*INSTRUCTIONS TO FOLLOW:* As an exercise, transcribe the data below in full and exactly, omitting pictures.

*DATASET CONTENT:*
*** Block opens ***

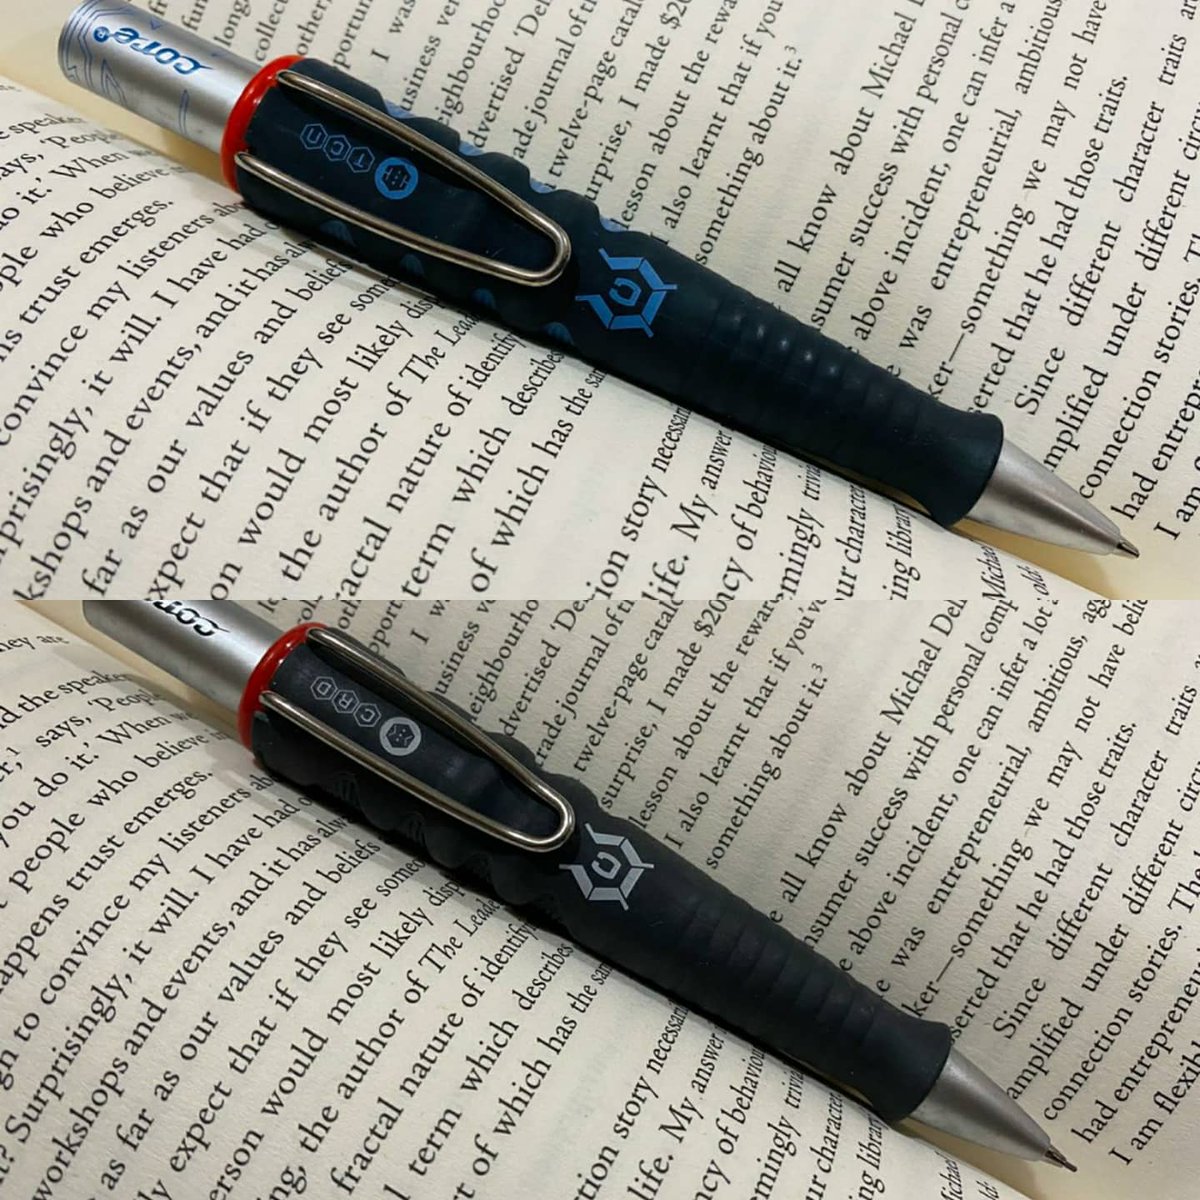 Rotring Mechanical Pencil Core Coridium 0.7mm

To buy/book or to know more about this mechanical pencil, WhatsApp/Telegram @+91 - 9664232159

#pencil #mechanicalpencil
#rotringpencils #mechanicalpencils #drawing #sketching #writing #handwriting #germany #rotring #thepenkart

*** Block closes ***

*SOLUTION:*
 Rotring Mechanical Pencil Core Coridium 0.7mm

To buy/book or to know more about this mechanical pencil, WhatsApp/Telegram @+91 - 9664232159

#pencil #mechanicalpencil
#rotringpencils #mechanicalpencils #drawing #sketching #writing #handwriting #germany #rotring #thepenkart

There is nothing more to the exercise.